Professor Alondra Nelson

 

Widely known for her research at the intersection of science, technology, and society, Alondra Nelson is the Harold F. Linder Professor of Social Science at the Institute for Advanced Study where she founded the Science, Technology, and Social Values Lab. She served as president and CEO of the international Social Science Research Council and on the faculty of Columbia University for a decade, including as their inaugural Dean of Social Science. Professor Nelson began her academic career on the faculty of Yale University.

Between 2021-2023, she was deputy assistant to President Joe Biden and acting director of the White House Office of Science and Technology Policy (OSTP).
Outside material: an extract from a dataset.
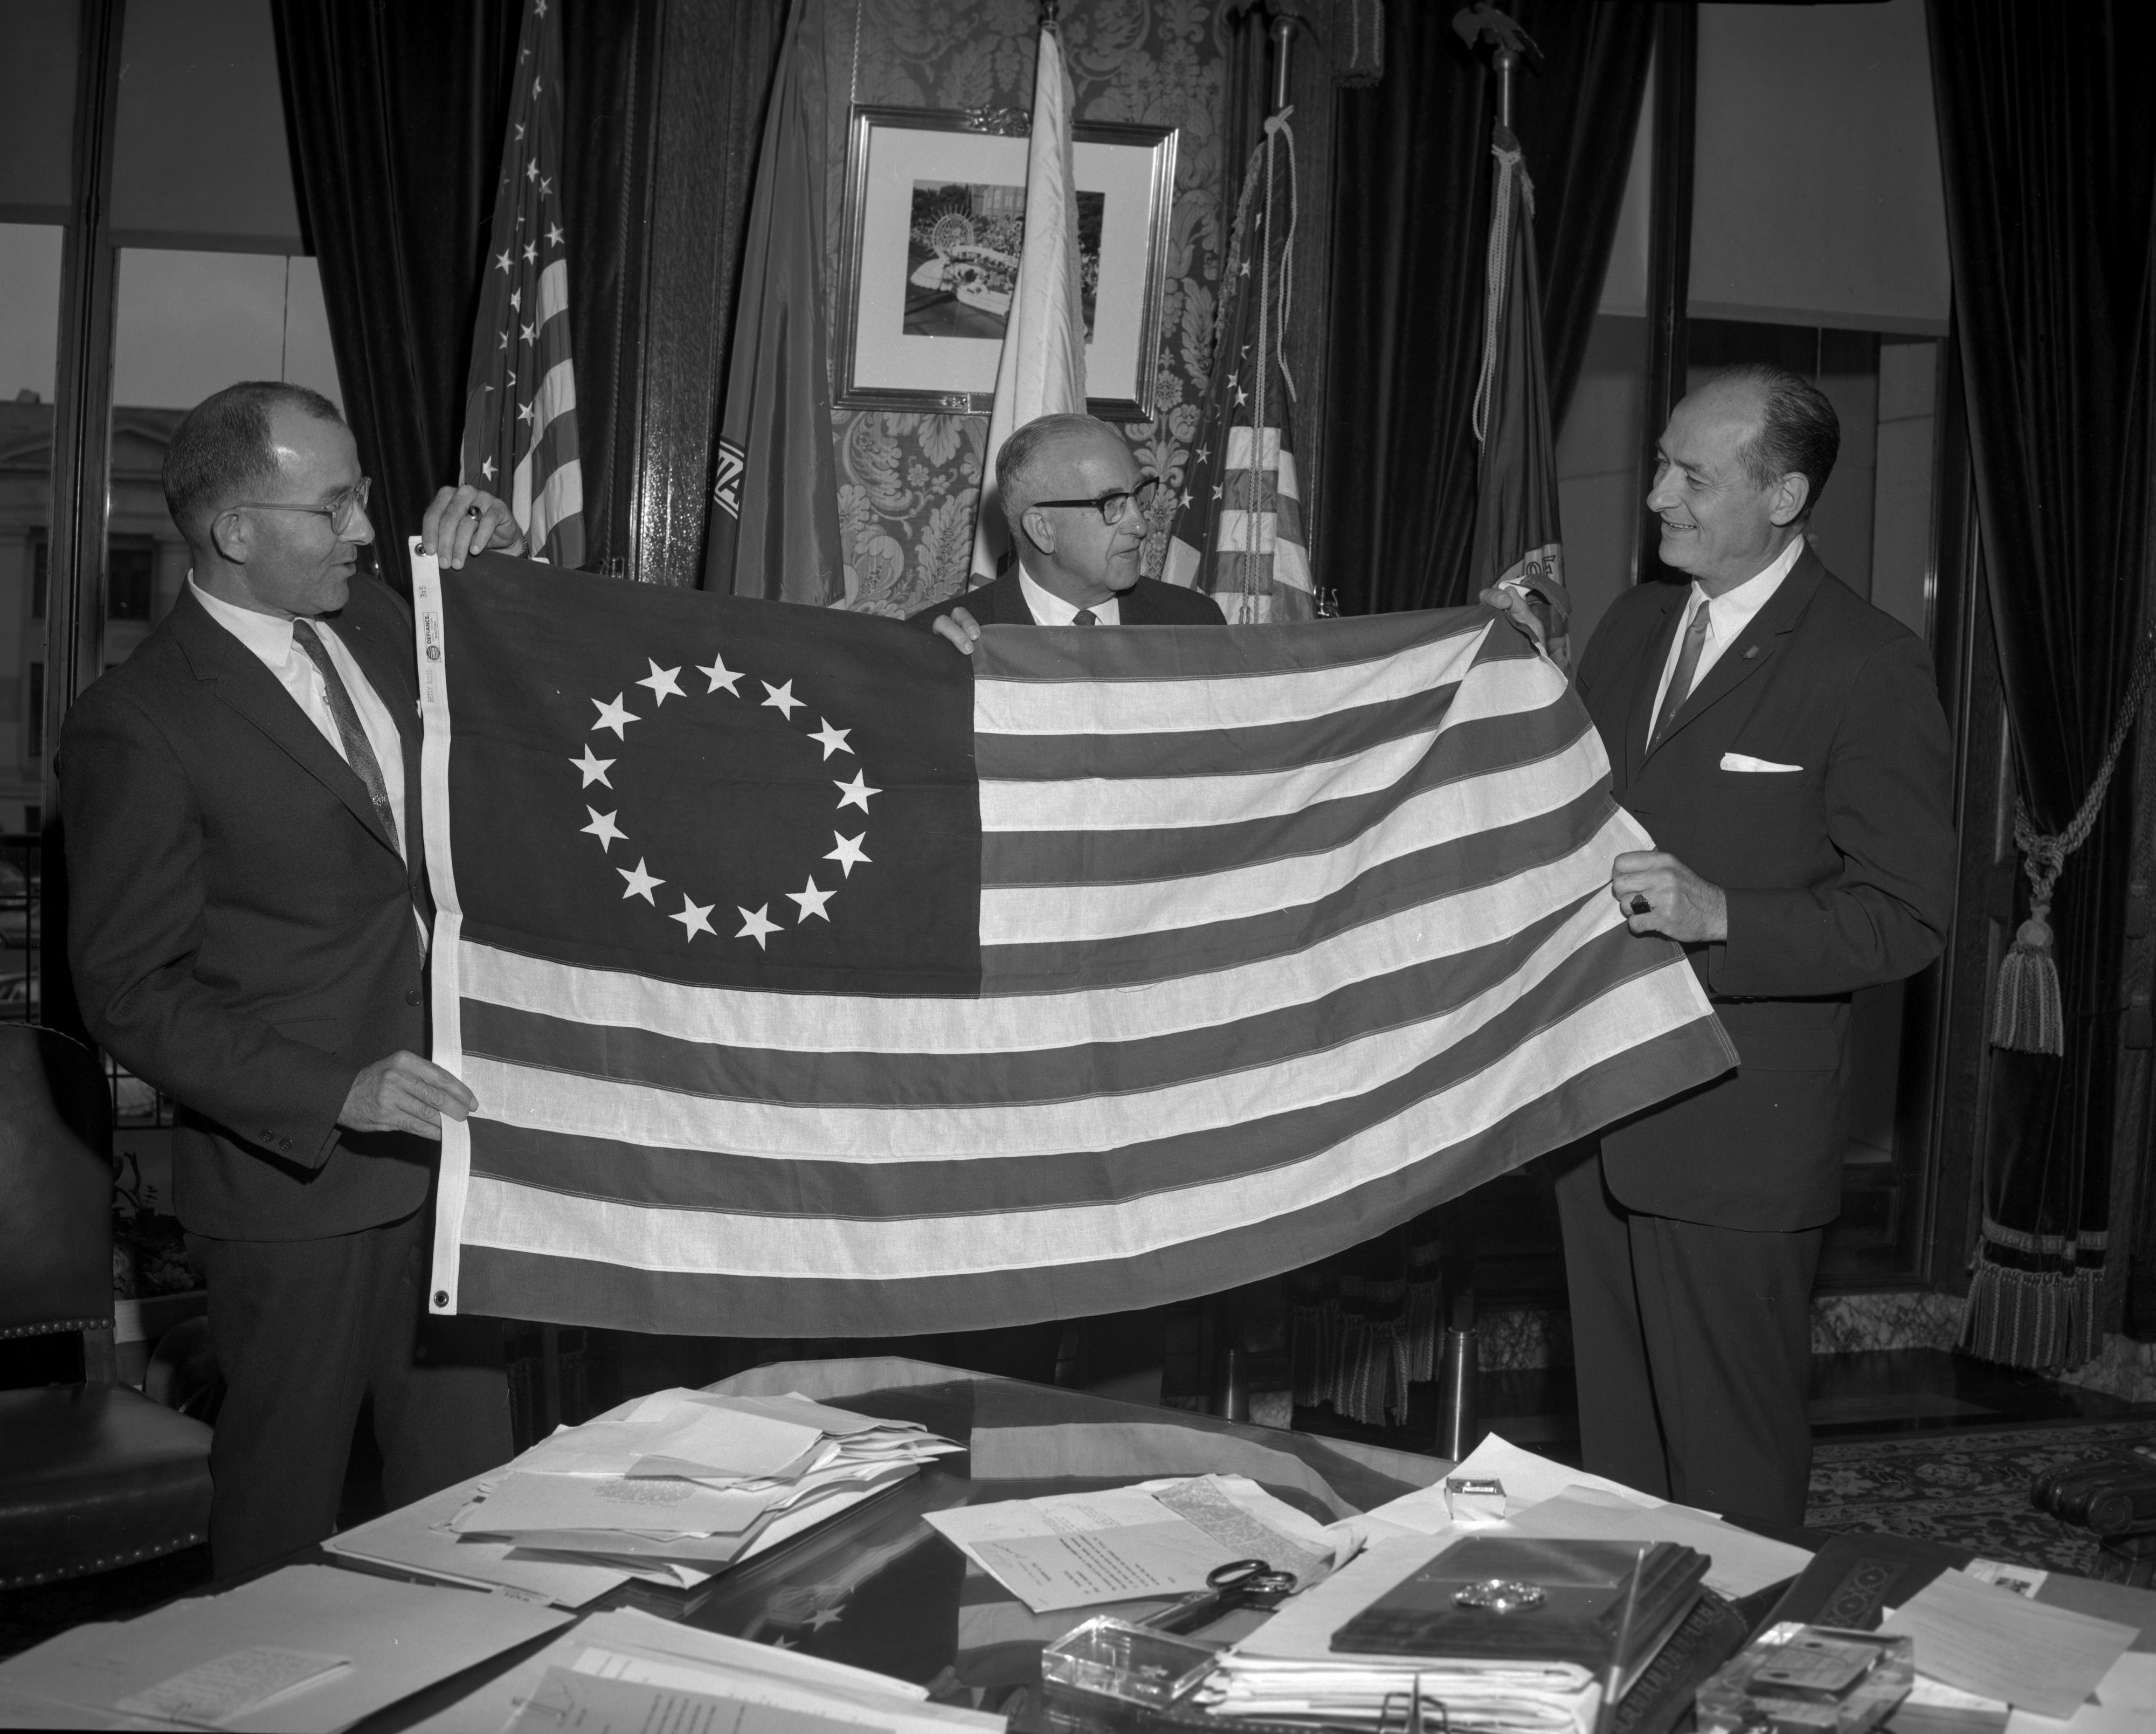 historical U.S. Flag

At OSTP, Professor Nelson spearheaded the development of the “Blueprint for an AI Bill of Rights,” which was both incorporated into President Biden’s historic executive order on artificial intelligence and enacted into policy for the federal government. Nature included Nelson in the list of “Ten People Who Shaped Science” in recognition of her public service tenure, stating “this social scientist made strides for equity, integrity and open access.” In 2023, she was named to the inaugural TIME100 list of most influential people in AI and was appointed to the United Nations High-Level Advisory Board on AI.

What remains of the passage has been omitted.